One of the most painful separations within the Church was that in England during the tussle around King Henry the VIII’s desire to marry Anne Boleyn, which led to extreme oppression brought upon English Catholics, to the point of executions, particularly when the daughter of Henry and Anne, Elizabeth, assumed the throne, so any return of a major group of Catholics resulting from that breakup would be wonderful indeed.
An excerpt from the article in the Catholic Herald:
“So we are to have a code of practice. Traditional Anglo-Catholics must now decide whether to stay in the Church of England in what, for a while, will be a protected colony - where the sacramental ministry of women bishops and priests is neither acknowledged nor received - or to leave.
“Leaving isn't quite so easy as it sounds. You don't become a Catholic, for instance, because of what is wrong with another denomination or faith.
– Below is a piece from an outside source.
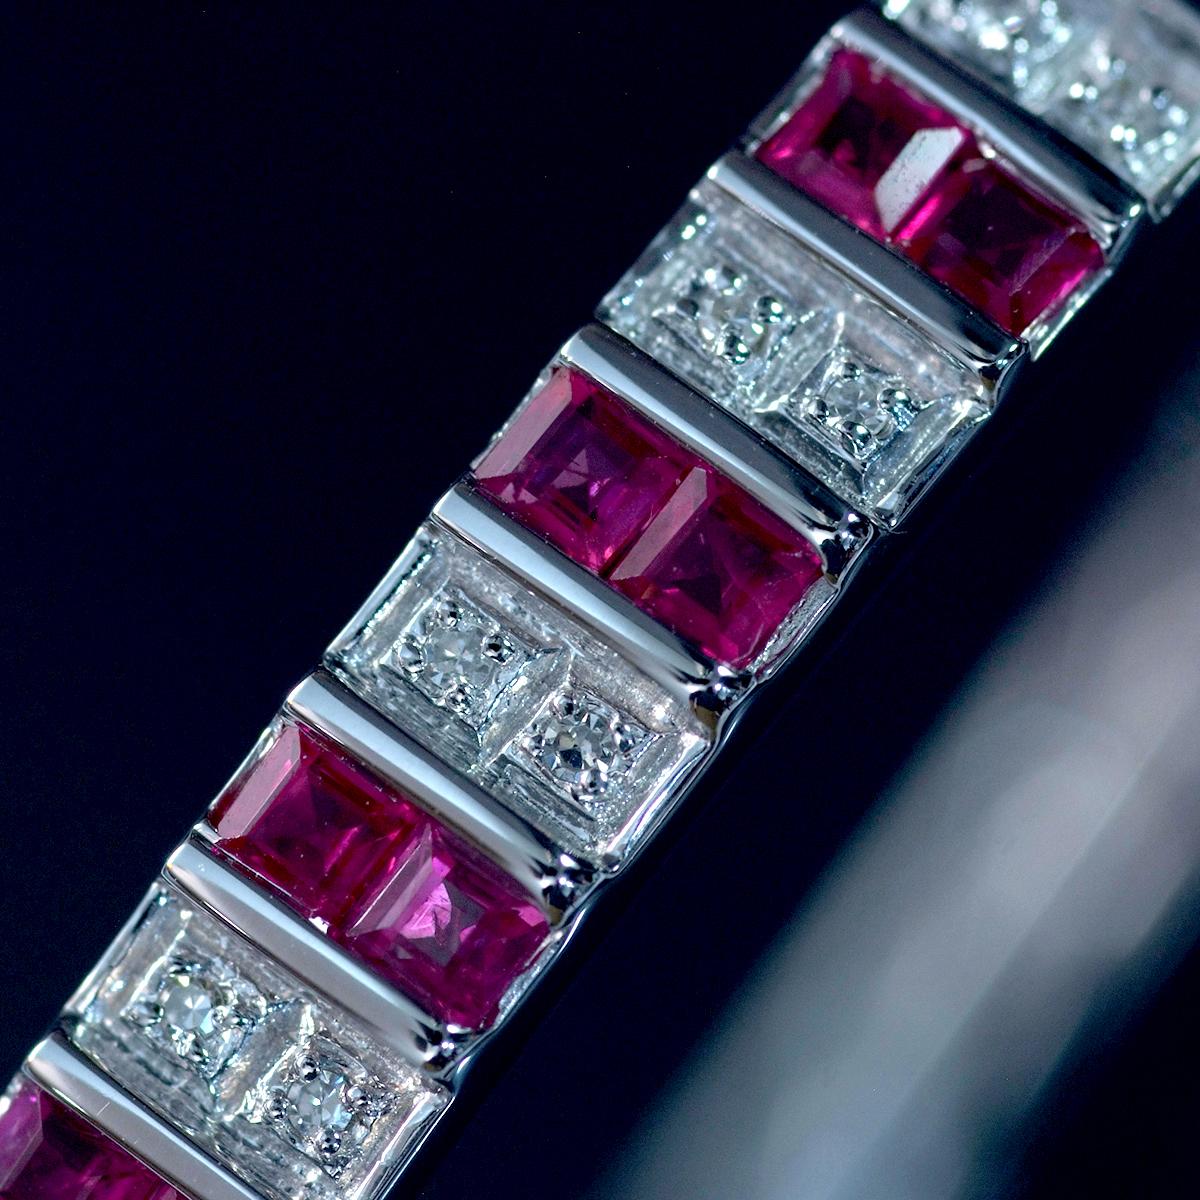 F0241 美しいルビー2.64ct 天然絶品ダイヤモンド0.12ct 最高級14金WG無垢バングル 腕周り15.5cm 重量15.06g 縦幅6.09mm_画像2

You become a Catholic because you accept that the Catholic Church is what she says she is and the Catholic faith is what it says it is. In short, some Anglo-Catholics will stay and others will go. It is quite easy to think of unworthy reasons for staying - and there are no doubt one or two unworthy reasons for leaving...
“What we must humbly ask for now is for magnanimous gestures from our Catholic friends, especially from the Holy Father, who well understands our longing for unity, and from the hierarchy of England and Wales. Most of all we ask for ways that allow us to bring our folk with us.”